Bractoppin

Preparation Method

For the direct binding assay, 10μl of labeled protein at a final concentration of 20nM was mixed with 10μl of test compound( Bractoppin ) and incubated on ice for 10 min. For the competitive assay, 10μl of labeled protein at a final concentration of 20nM was mixed with 2μM cognate peptide substrate at the EC80 concentration determined by prior titration using a 16-point serial dilution by direct-binding MST.

Reaction Conditions

0-10⁵nM Bractoppin

Applications

Bractoppin is a 414-Da compound, with nanomolar potency in displacing cognate BACH1 phosphopeptide substrate from the BRCA1 tBRCT as measured by MST（ IC50 0.074 μM）. Its predicted binding mode to BRCA1 tBRCT reveals favorable hydrophobic interactions in the hydrophobic cavity, as well as a T-shaped, pi-pi stacking interaction with Phe1662, that together significantly contribute toward its activity.

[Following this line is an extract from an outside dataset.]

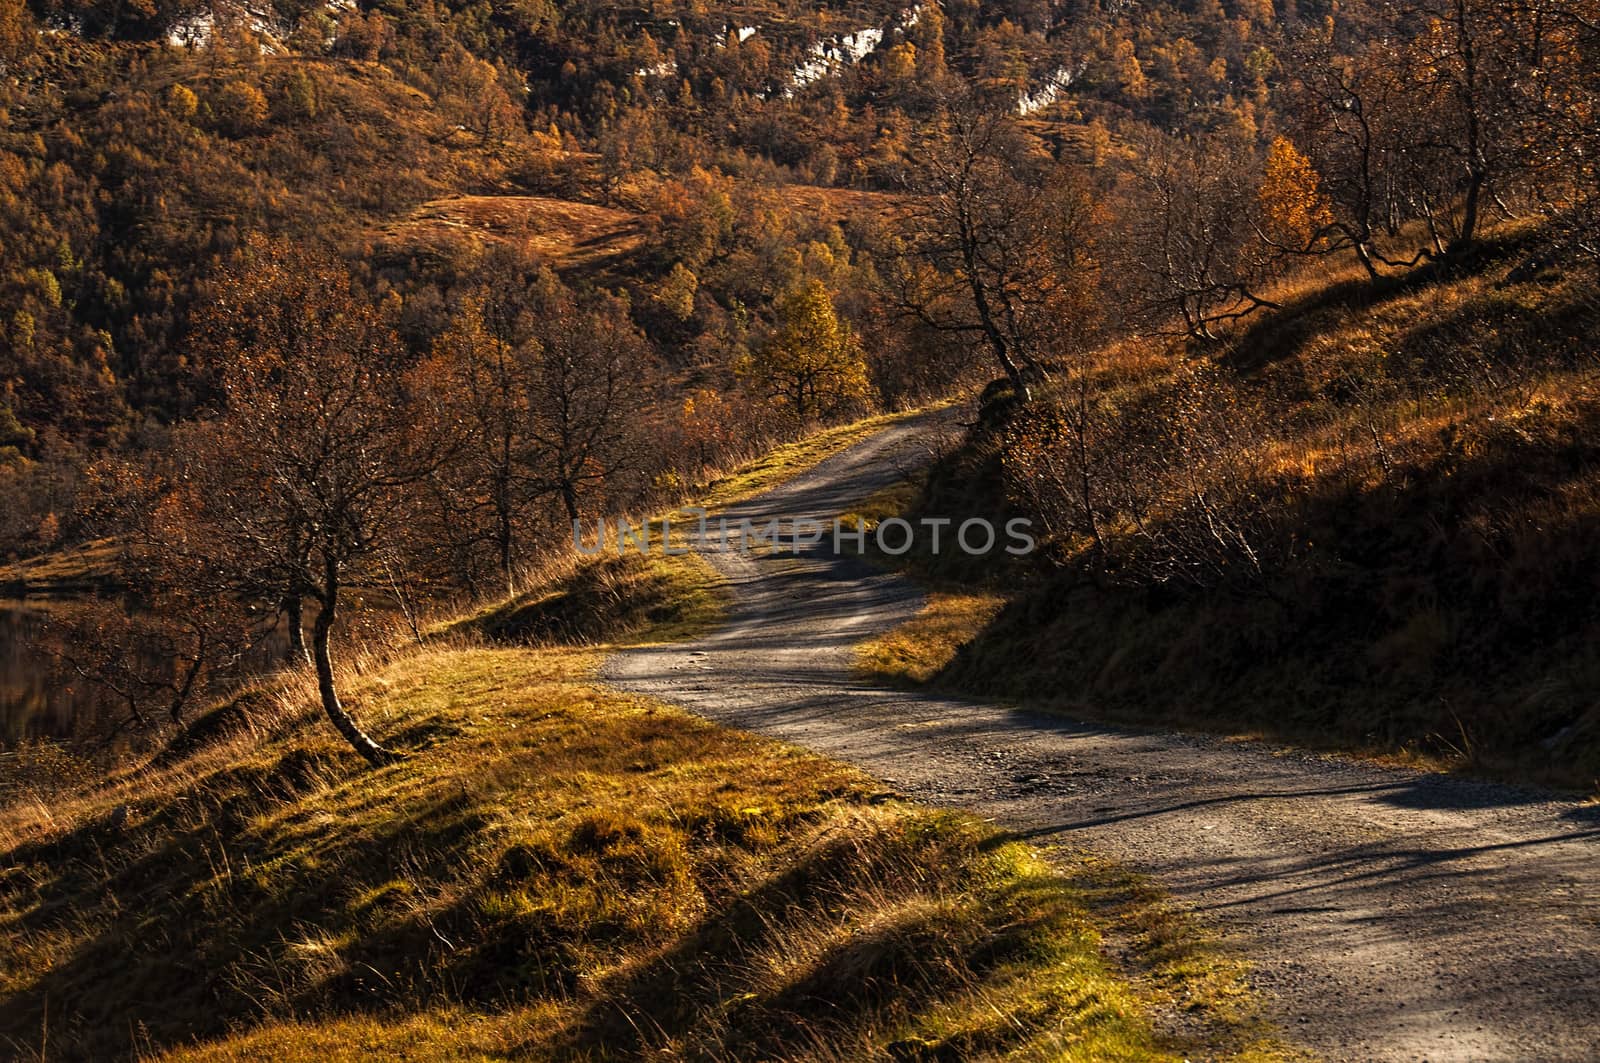 A mountain road in the shadows in autumn
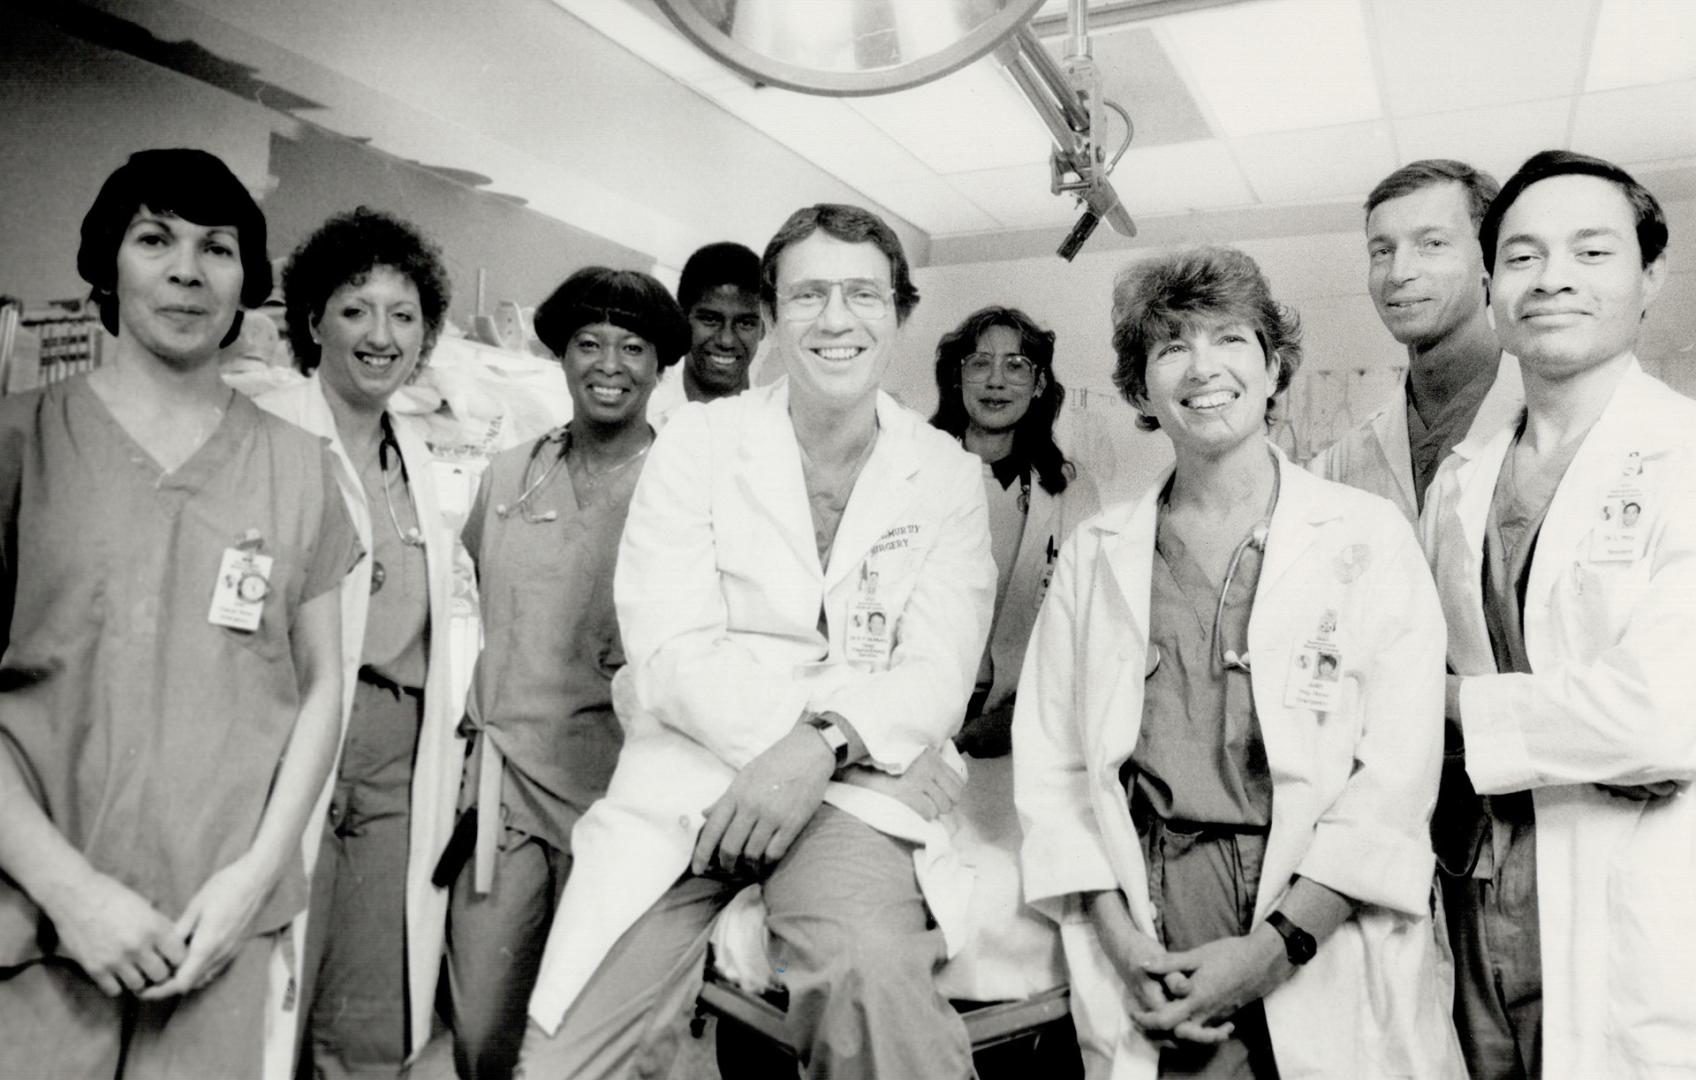 Dr. Robert McMurty, head of the trauma unit he co-founded, is flanked by some of his team

Indeed, substitution of the phenyl ring at R1 in Bractoppin with a 4-pyridyl group (CCBT2082) decreased activity by 5-fold by affecting the stacking interaction with Phe1662.

Cell lines

HEK293 cells

Preparation Method

HEK293 cells stably harboring plasmids for Tet-inducible expression of tBRCT domains were seeded. Compound( Bractoppin )addition or inducible expression of BRCA1 tBRCT were performed as indicated, when cells were 30% confluent, before exposure to 1Gy irradiation.

Reaction Conditions

1-100uM Bractoppin for 7 days

Applications

In cells, Bractoppin inhibits substrate recognition detected by Förster resonance energy transfer, and diminishes BRCA1 recruitment to DNA breaks, in turn suppressing damage-induced G2 arrest and assembly of the recombinase, RAD51.

References:

[1]. Periasamy J, Kurdekar V, et,al.Targeting Phosphopeptide Recognition by the Human BRCA1 Tandem BRCT Domain to Interrupt BRCA1-Dependent Signaling. Cell Chem Biol. 2018 Jun 21;25(6):677-690.e12. doi: 10.1016/j.chembiol.2018.02.012. Epub 2018 Mar 29. PMID: 29606576; PMCID: PMC6015222.